Mitochondrial DNA (mtDNA) mutations accumulate with age and are present at pathological levels in affected tissues of certain mitochondrial disorders and degenerative diseases (reviewed in [1, 2]). mtDNA mutations are susceptible to mitochondrial quality control, the process of selective autophagy of defective mitochondria, as evidenced by observations that stimulation of mitochondrial autophagy can reduce levels of these mutations in model organisms [3-6] and cell culture [7, 8] and that defects in mitochondrial quality control correlate with increased levels of mtDNA mutations [1, 2, 9]. However, the susceptibility of mtDNA to quality control is poorly understood because it is influenced by multiple complex processes, including the varied sensitivity of quality control to different types of defects in mtDNA gene products, the exchange of gene products between organelles through fission and fusion, the impact of mutations on mtDNA replication, and stochasticity of mtDNA turn-over and inheritance. The proposed work seeks to understand how the nature of different mtDNA mutations determines whether they tend to increase or decrease in frequency within the cell (this frequency is known as the level of heteroplasmy). To do this, I have developed a simple cell culture system that enables the experimenter to tune the mtDNA mutation rate and copy number per cell, as shown in preliminary data. Using this system, I am generating a library of cells, each containing one or few new mtDNA mutations present at intermediate frequency within the cell. Changes in intracellular frequencies of mutations in response to different treatments, particularly autophagy stimulation, can then be tracked using DNA sequencing. Experiments to elucidate mechanisms mediating these changes take advantage of greatly improved methods of mitochondrial purification recently developed in the Sabatini Lab.

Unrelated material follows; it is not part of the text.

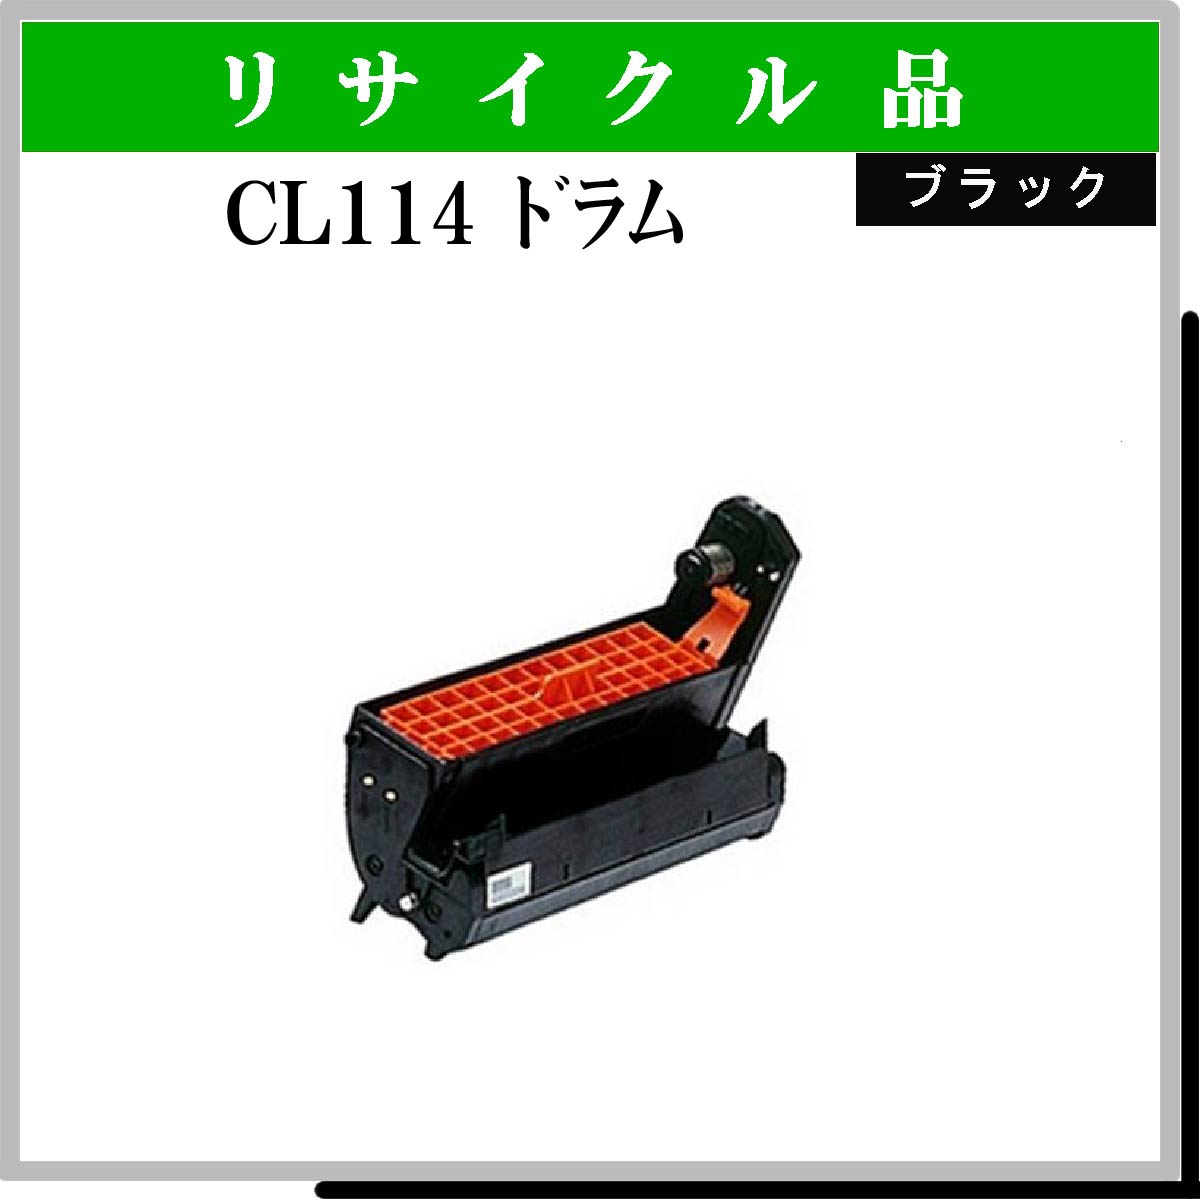 CL114 ﾄﾞﾗﾑ ﾌﾞﾗｯｸ

The specific aims are: I) To elucidate the prevalence and mechanisms of mtDNA mutations that bias mtDNA replication. II) To understand how mitochondrial quality control acts on different types of mtDNA mutations. The key novelty of the approach is to measure changes in frequency of many different kinds of mtDNA mutations in high throughput. Prior studies focused on a small set of mutations corresponding to drug resistance markers or relatively-common mitochondrial diseases [12, 13]. In contrast, the goal here is to obtain similar data for thousands of mutations in a single cell type, approaching saturation-level mutagenesis of the ~16.5kb mammalian mitochondrial genome. The proposed work aims to elucidate the factors limiting efficiency of mitochondrial quality control with respect to diverse forms of mtDNA-encoded mitochondrial dysfunction. Understanding these limitations may suggest what renders cells more or less prone to the decline of mitochondrial function in aging, degenerative disease and mtDNA disorders.
The proposed work develops a novel approach to elucidate the limitations of mitochondrial quality control with respect to different forms of mitochondrial dysfunction by generating libraries of new mtDNA mutations and measuring their susceptibility to quality control under a variety of conditions. Understanding these limitations may suggest what renders cells more or less prone to the decline of mitochondrial function in aging, degenerative disease and mtDNA disorders.